What to produce> If a line in the entries below contains "Ideas", copy it.

Data for this task>

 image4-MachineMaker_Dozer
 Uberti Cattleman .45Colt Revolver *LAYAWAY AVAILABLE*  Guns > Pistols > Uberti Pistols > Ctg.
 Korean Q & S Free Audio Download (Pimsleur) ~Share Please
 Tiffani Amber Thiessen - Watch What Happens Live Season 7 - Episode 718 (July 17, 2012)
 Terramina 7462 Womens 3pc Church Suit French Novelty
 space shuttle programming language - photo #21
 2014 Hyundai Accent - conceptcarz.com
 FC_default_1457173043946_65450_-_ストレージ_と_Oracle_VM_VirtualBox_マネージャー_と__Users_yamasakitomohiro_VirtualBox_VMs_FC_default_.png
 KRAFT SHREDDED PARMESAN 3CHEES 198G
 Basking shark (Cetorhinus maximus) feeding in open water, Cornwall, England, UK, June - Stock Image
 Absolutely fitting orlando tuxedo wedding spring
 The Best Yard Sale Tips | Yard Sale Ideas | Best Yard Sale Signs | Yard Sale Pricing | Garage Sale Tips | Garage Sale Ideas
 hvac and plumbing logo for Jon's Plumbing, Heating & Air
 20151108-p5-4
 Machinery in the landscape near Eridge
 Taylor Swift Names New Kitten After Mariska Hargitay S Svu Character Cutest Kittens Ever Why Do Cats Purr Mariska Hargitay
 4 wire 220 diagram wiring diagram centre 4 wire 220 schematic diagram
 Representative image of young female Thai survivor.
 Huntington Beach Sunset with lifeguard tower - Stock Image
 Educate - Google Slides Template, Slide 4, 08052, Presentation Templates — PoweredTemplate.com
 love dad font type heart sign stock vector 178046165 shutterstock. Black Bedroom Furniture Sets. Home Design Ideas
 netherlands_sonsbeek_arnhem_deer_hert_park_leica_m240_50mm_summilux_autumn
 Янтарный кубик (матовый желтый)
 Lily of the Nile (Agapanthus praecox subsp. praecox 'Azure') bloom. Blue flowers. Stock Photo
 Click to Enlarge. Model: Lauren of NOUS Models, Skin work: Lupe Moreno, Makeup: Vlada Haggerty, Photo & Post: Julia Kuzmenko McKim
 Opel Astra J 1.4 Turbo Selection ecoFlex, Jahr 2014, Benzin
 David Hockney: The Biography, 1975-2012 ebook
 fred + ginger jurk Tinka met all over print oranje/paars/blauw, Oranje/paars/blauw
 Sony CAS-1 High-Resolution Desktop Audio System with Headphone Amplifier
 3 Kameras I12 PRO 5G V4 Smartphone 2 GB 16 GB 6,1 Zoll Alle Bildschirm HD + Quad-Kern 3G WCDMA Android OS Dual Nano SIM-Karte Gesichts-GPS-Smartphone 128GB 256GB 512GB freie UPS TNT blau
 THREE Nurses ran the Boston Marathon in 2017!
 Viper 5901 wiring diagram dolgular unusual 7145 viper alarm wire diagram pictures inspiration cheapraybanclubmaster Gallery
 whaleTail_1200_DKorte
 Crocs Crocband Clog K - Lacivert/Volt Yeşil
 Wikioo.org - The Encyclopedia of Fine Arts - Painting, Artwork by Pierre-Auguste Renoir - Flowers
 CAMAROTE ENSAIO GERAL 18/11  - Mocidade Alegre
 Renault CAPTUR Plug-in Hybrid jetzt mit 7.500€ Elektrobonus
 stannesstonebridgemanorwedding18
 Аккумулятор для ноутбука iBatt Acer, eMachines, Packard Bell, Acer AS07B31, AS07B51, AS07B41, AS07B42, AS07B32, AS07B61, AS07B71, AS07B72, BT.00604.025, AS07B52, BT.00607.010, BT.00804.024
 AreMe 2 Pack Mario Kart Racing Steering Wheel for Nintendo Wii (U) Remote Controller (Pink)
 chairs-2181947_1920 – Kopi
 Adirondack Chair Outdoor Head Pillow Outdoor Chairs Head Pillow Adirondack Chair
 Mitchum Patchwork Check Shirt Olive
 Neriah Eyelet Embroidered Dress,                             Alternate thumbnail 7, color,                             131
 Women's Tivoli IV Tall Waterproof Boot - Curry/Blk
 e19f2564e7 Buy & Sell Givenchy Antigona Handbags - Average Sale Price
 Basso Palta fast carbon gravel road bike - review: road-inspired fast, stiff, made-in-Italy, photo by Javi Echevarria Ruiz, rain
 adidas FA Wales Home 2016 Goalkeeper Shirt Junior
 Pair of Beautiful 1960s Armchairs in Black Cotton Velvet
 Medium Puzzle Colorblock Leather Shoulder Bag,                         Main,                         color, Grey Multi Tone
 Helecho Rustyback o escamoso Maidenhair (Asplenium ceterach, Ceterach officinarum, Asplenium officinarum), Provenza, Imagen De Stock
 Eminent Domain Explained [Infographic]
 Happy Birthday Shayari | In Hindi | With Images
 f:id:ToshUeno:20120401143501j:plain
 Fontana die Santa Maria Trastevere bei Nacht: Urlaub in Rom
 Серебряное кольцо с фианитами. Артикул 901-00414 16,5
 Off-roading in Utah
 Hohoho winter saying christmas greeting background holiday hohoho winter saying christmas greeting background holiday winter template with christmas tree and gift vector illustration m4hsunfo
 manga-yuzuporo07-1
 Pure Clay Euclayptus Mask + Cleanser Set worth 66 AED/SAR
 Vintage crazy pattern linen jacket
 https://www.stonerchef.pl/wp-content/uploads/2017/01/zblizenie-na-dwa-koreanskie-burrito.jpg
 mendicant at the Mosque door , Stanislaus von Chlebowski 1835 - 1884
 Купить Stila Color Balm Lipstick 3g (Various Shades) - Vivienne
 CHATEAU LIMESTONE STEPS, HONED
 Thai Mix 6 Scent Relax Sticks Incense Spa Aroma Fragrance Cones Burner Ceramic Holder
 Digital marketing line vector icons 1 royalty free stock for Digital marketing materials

Answer>
 The Best Yard Sale Tips | Yard Sale Ideas | Best Yard Sale Signs | Yard Sale Pricing | Garage Sale Tips | Garage Sale Ideas
 love dad font type heart sign stock vector 178046165 shutterstock. Black Bedroom Furniture Sets. Home Design Ideas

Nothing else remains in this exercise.